A = [a11,a12,0,0; a21,a22,a23,0; 0,a32,a33,a34; 0,0,a43,a44];
B = [b11,0; 0,0; 0,0; 0,b42];
% Define the C and D matrices.
% The outputs are the four wall temperatures.
C = eye(4);
D = zeros(size(B));
% Create the LTI model.
sys = ss(A,B,C,D);
% Create the time vector for 1 hour (3600 seconds).
t = (0:1:3600);
% Create the input vector.
u = [20*ones(size(t));(5-15*ones(size(t)).*t/3600)];
% Compute the forced response.
[yforced,t] = lsim(sys,u,t);
% Compute the free response.
[yfree,t] = initial(sys,[10,10,10,10],t);
% Plot the response along with the outside temperature.
plot(t,yforced+yfree,t,u(2,:))
% Compute the time constants.
tau =(-1./real(eig(A)))/60
The plot is shown in Figure7.9.4. Note how {T}_{1} follows the inside temperature, while {T}_{4} follows the outside temperature, as expected.
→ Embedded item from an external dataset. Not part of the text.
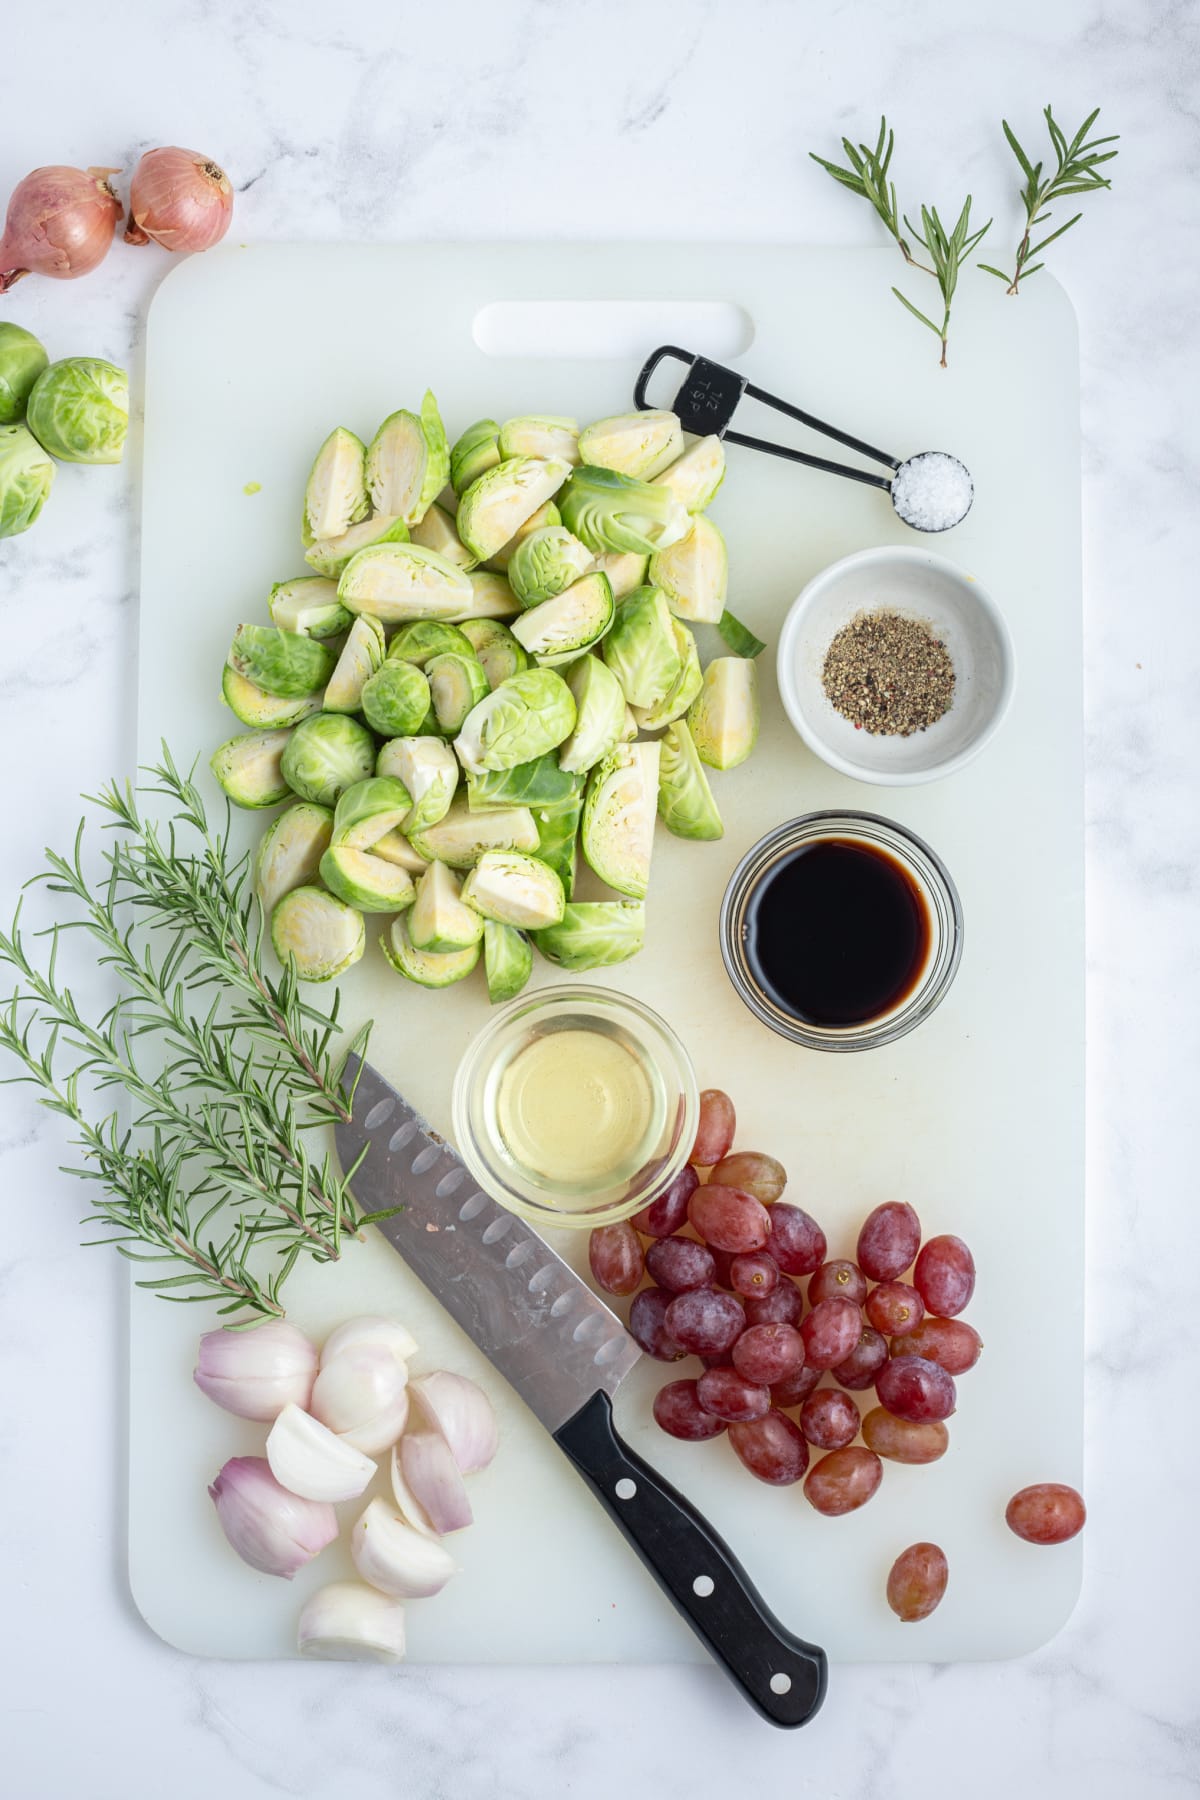 ingredients displayed for making sheet pan balsamic brussels sprouts

The time constants are 2.6, 6, 24, and 117 min.
From the plot note that {T}_{1} reaches steady state in less than 1000 s, but the dominant time constant is 117 min, or 7020 s. The discrepancy is explained by examining the transfer functions for numerator dynamics. After running htwall, which puts the matrices A and B in the workspace, the following MATLAB session can be used to obtain the transfer functions for {T}_{1} and {T}_{2}. The C and D matrices need to be replaced to obtain only {T}_{1} and {T}_{2} as the outputs.
C1 = [1,0,0,0]; D1=[0,0];
sys1 = ss(A,B,C1,D1);
C2 = [0,1,0,0]; D2 = [0,0];
sys2 = ss(A,B,C2,D2);
tf1 = tf(sys1)
tf2 = tf(sys2)
This session produces four transfer functions. Two of them are
{\frac{T_{1}(s)}{T_{i}(s)}}={\frac{6.371\times10^{-3}s^{3}+2.321\times10^{-5}s^{2}+1.545\times10^{-8}s+1.758\times10^{-12}}{P(s)}}
{\frac{T_{2}(s)}{T_{i}(s)}}={\frac{5.071\times10^{-7}s^{2}+1.77\times10^{-9}s+9.622\times10^{-13}}{P(s)}}
where the denominator is
P(s)=s^{4}+0.01007s^{3}+2.583\times10^{-5}s^{2}+1.585\times10^{-8}s+1.765\times10^{-12}
The transfer function T_{1}(s)/T_{i}(s) has higher order numerator dynamics than T_{2}(s)/T_{i}(s). This accounts for the faster response of T_{1}.